Dataset excerpts:

########

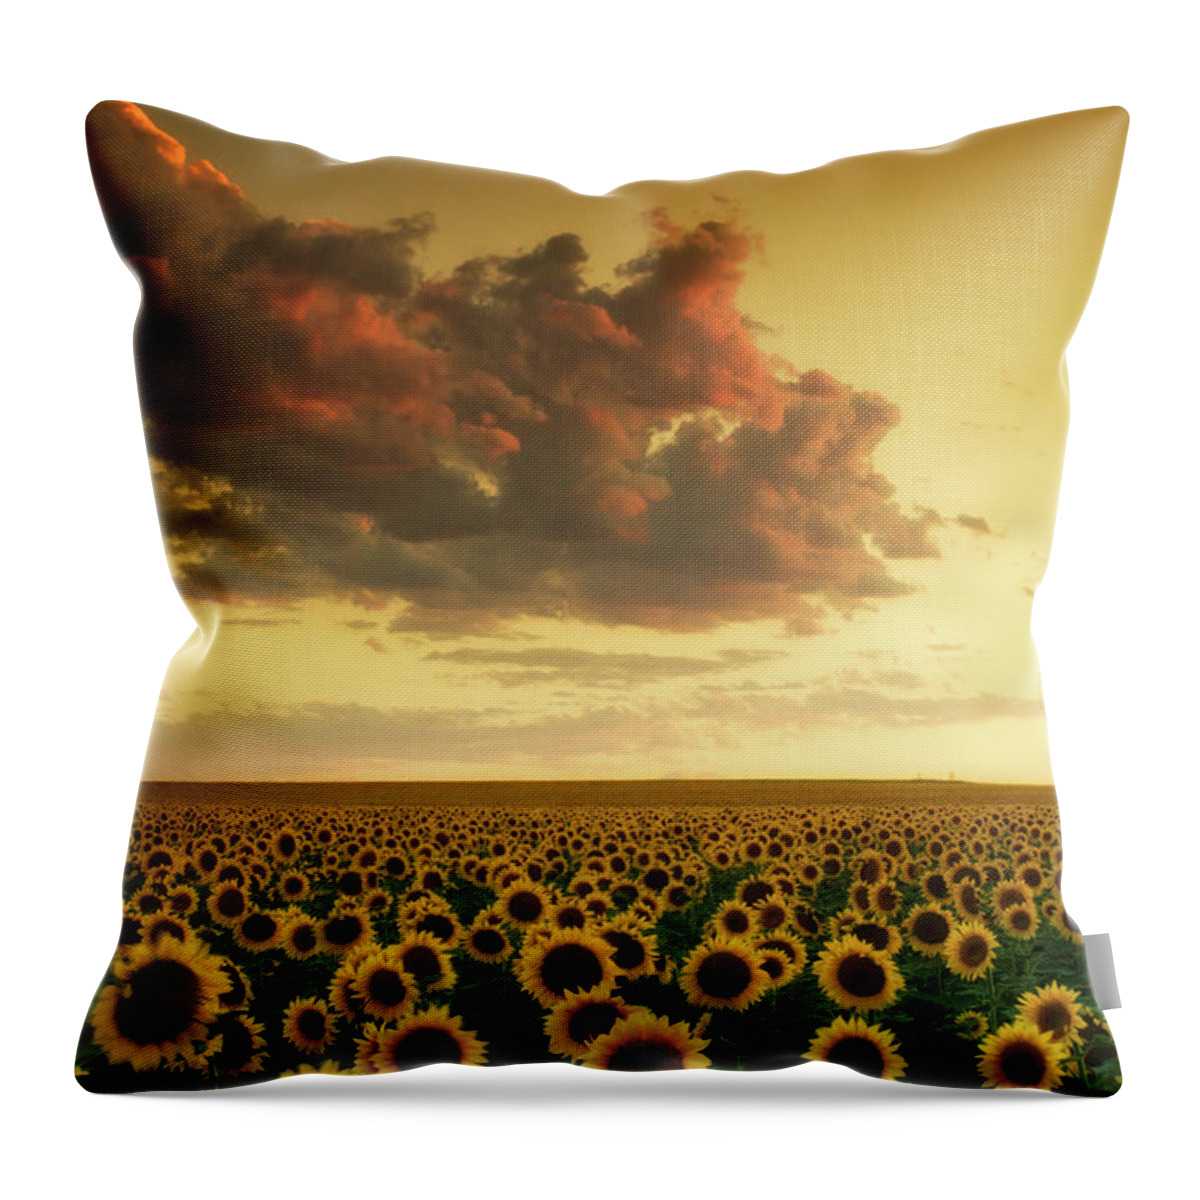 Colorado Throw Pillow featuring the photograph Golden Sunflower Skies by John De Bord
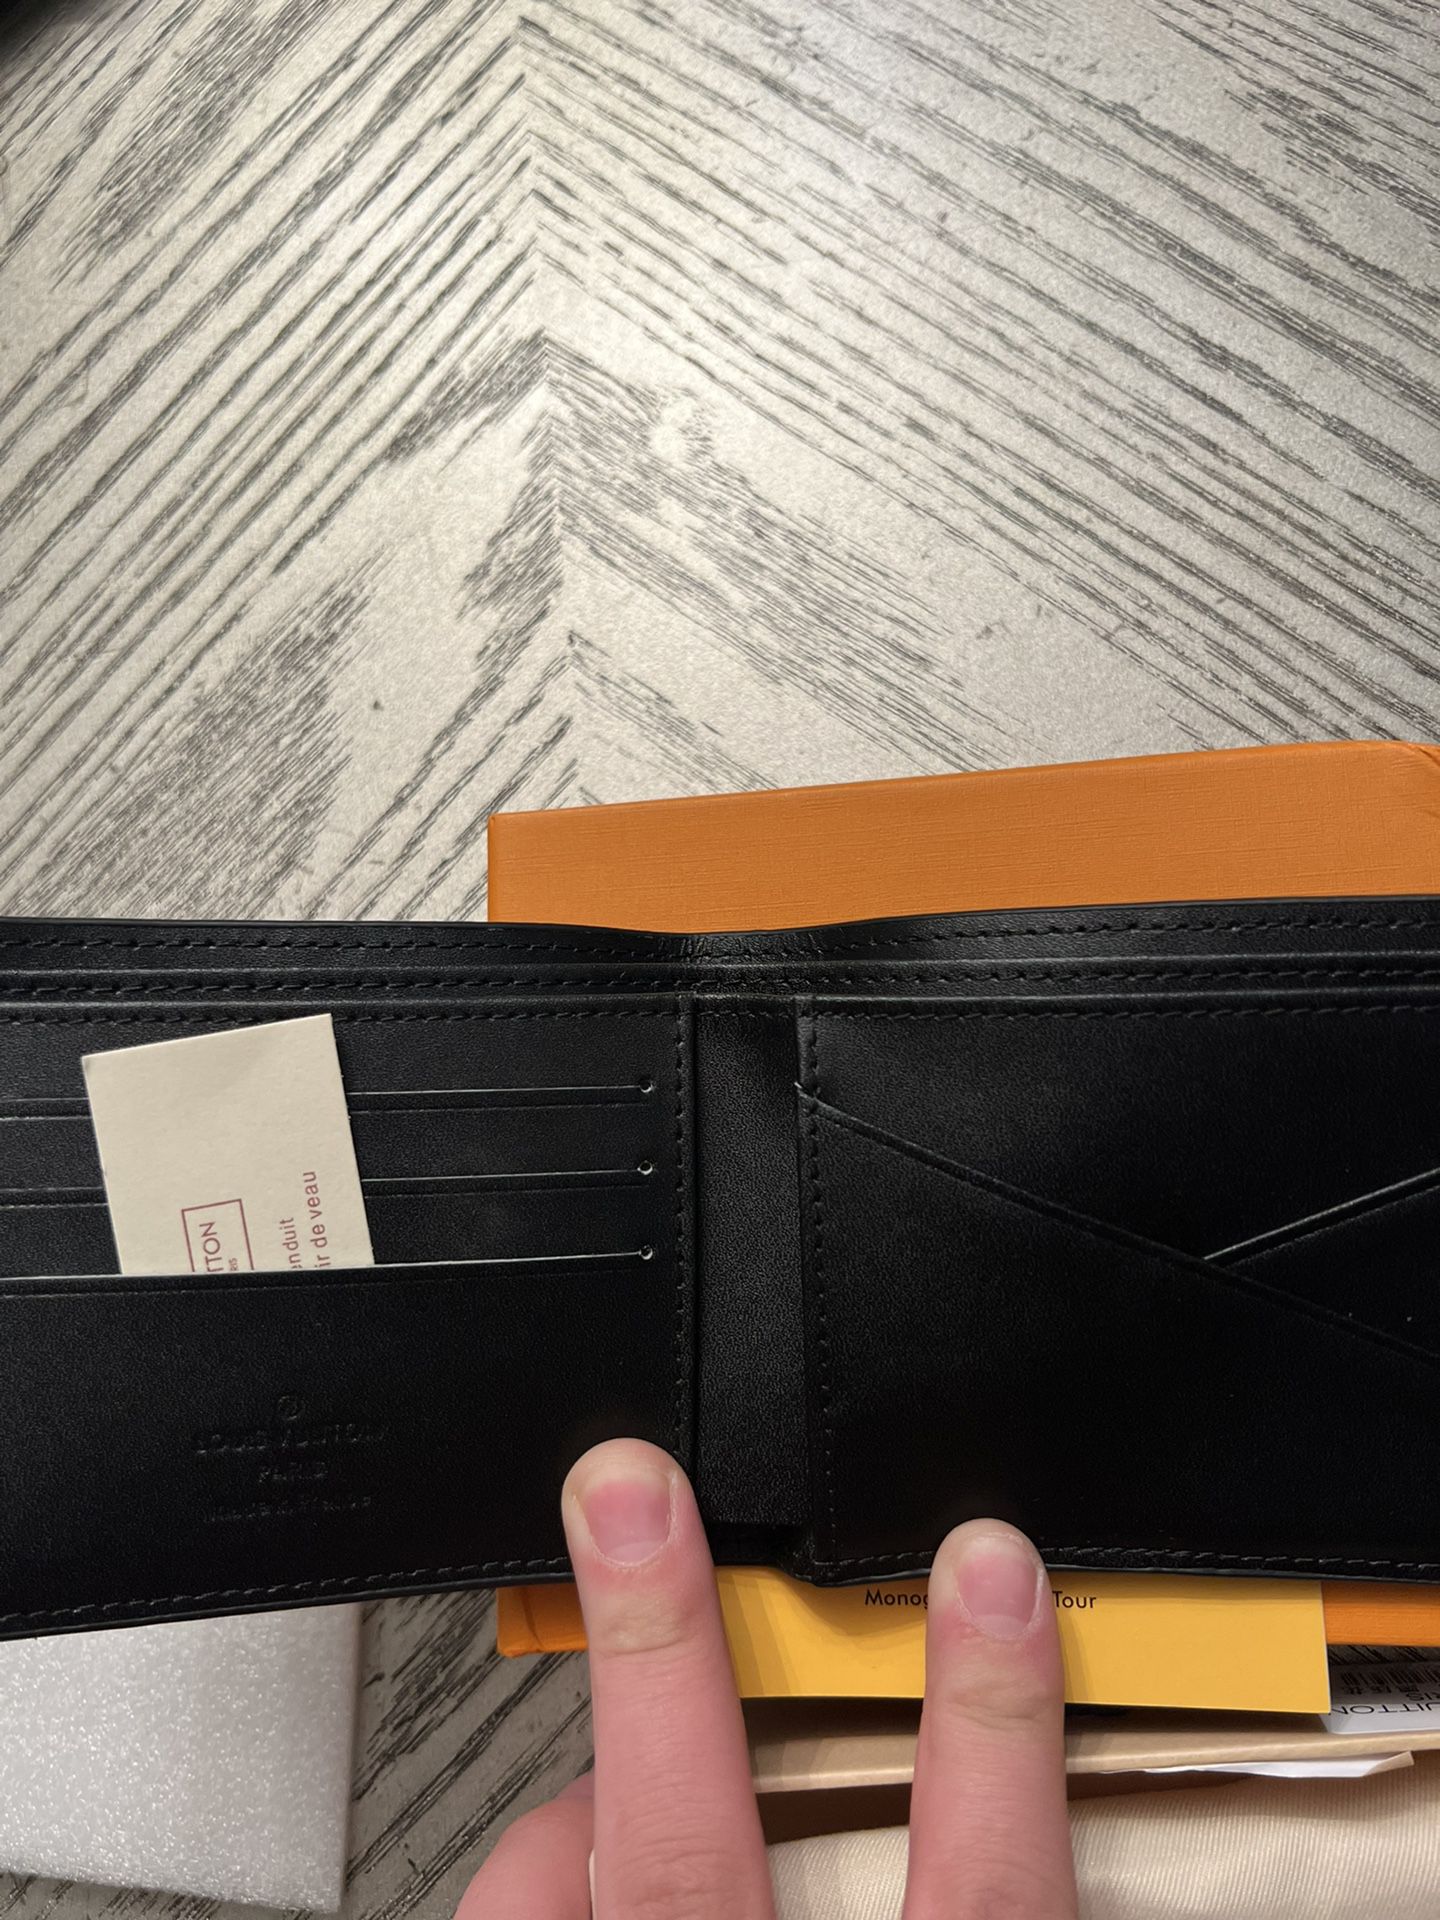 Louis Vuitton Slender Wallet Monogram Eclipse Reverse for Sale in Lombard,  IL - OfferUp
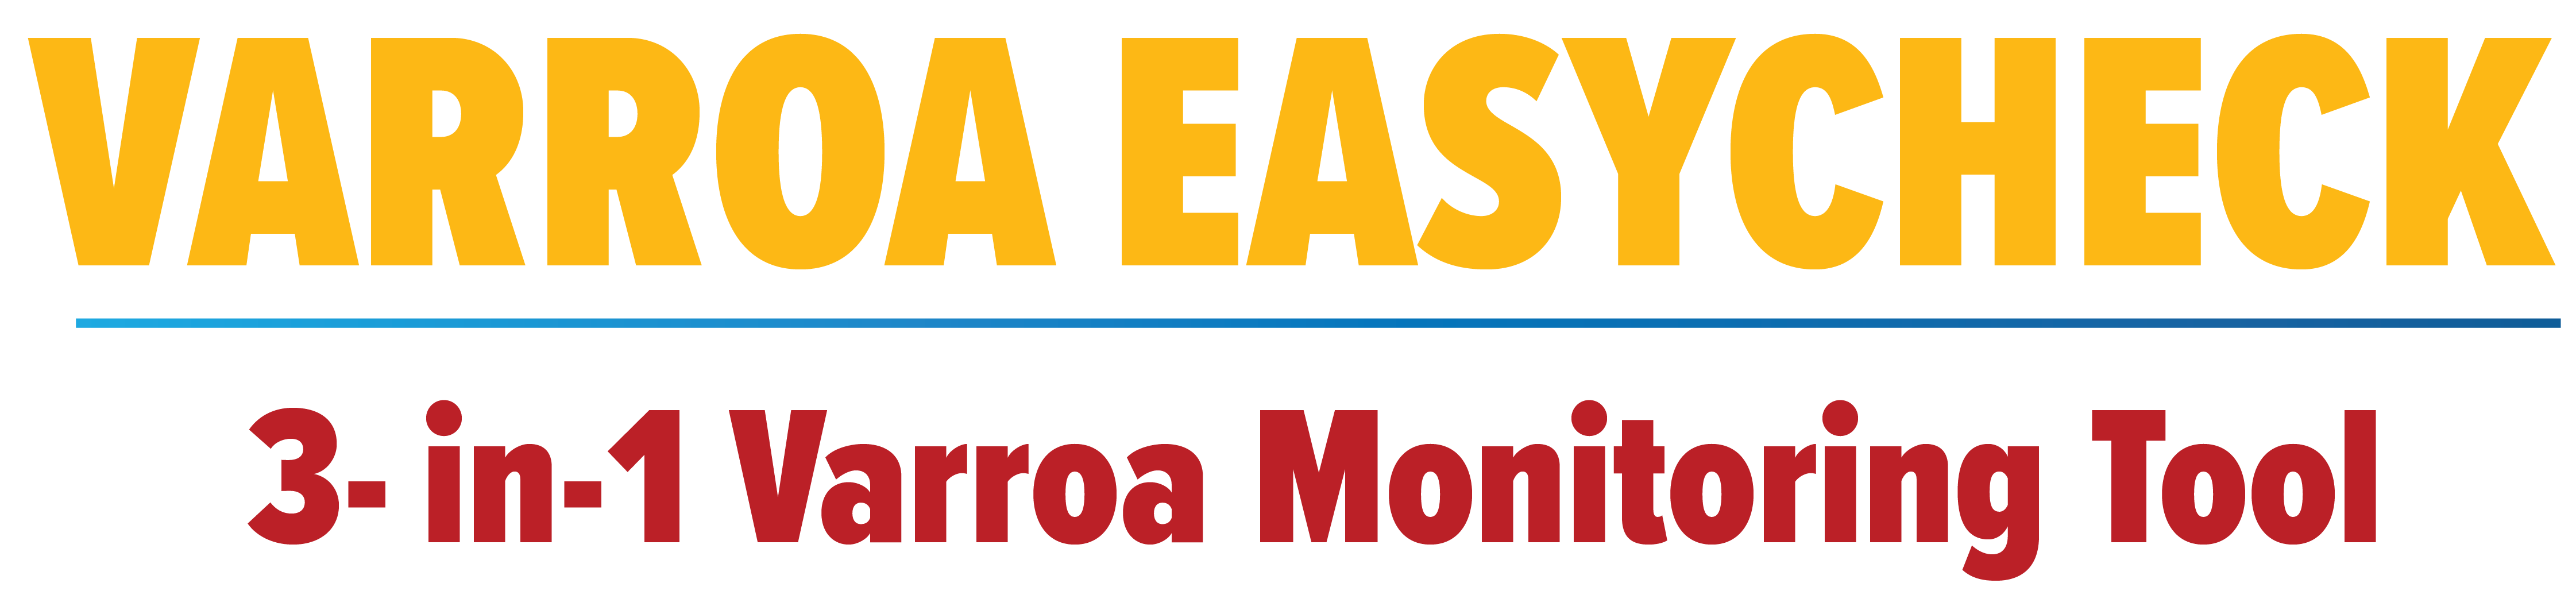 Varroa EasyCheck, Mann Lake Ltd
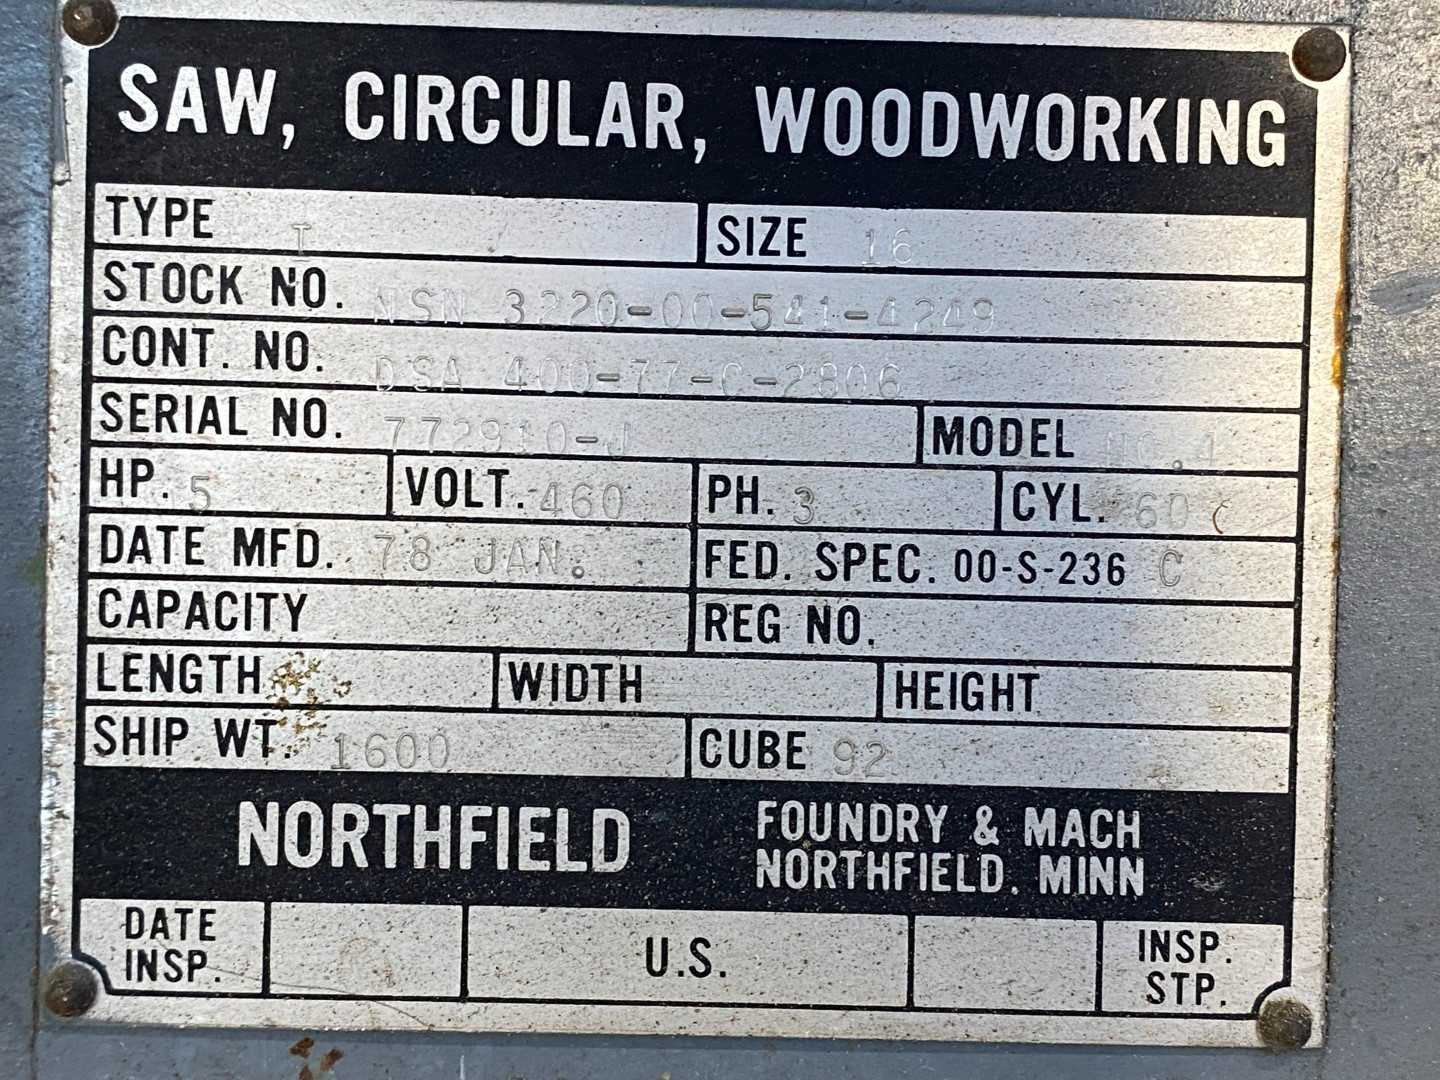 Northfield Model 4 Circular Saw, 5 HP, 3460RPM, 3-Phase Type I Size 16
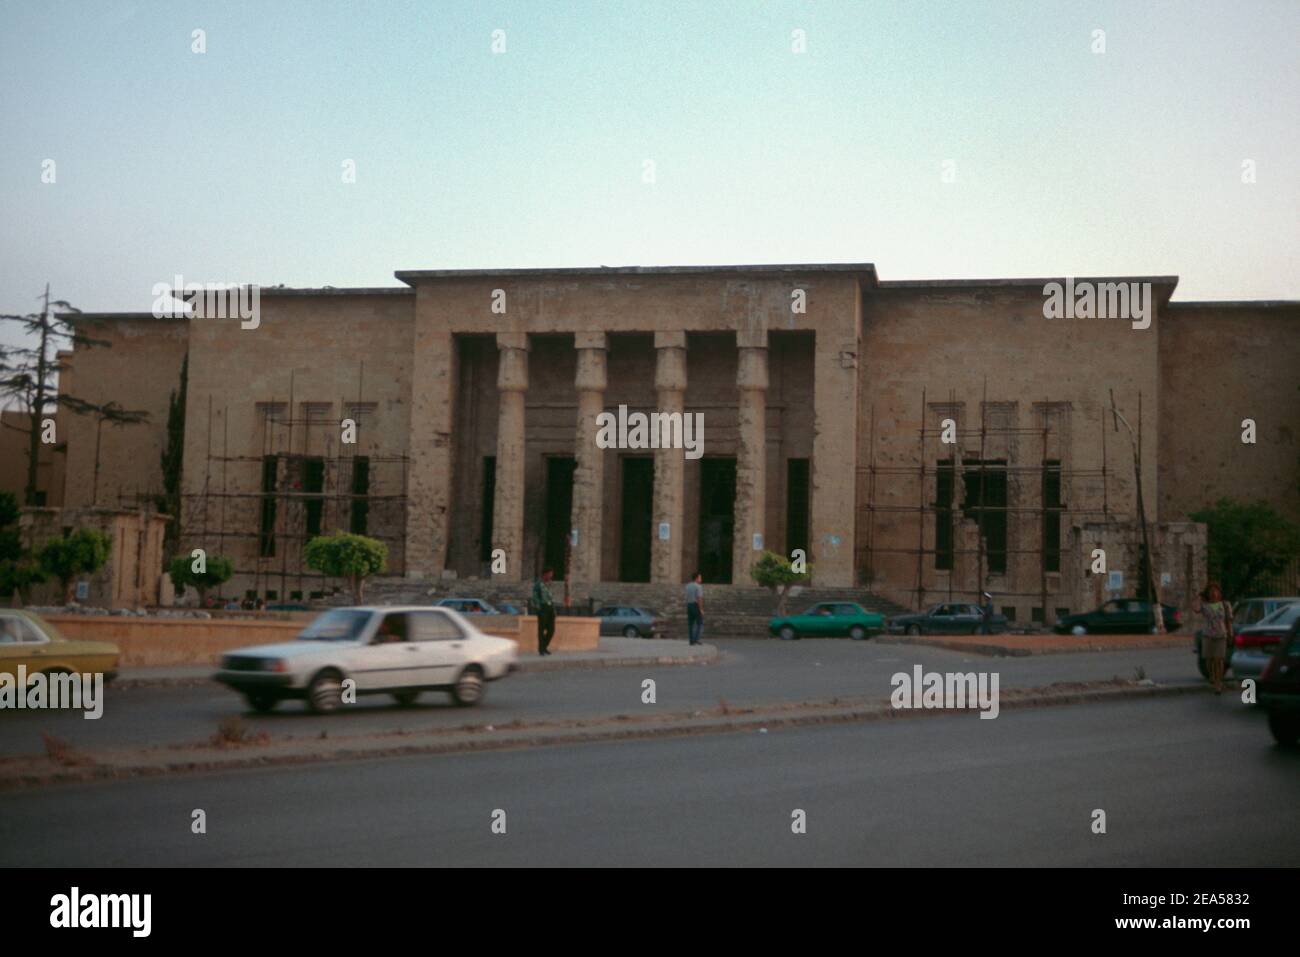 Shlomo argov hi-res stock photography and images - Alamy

########

Problem requirements:
Produce a verbatim transcription of every line in the listing, images omitted.

Exercise response:
 Colorado Throw Pillow featuring the photograph Golden Sunflower Skies by John De Bord
 Louis Vuitton Slender Wallet Monogram Eclipse Reverse for Sale in Lombard,  IL - OfferUp
 Varroa EasyCheck, Mann Lake Ltd
 Northfield Model 4 Circular Saw, 5 HP, 3460RPM, 3-Phase Type I Size 16
 Shlomo argov hi-res stock photography and images - Alamy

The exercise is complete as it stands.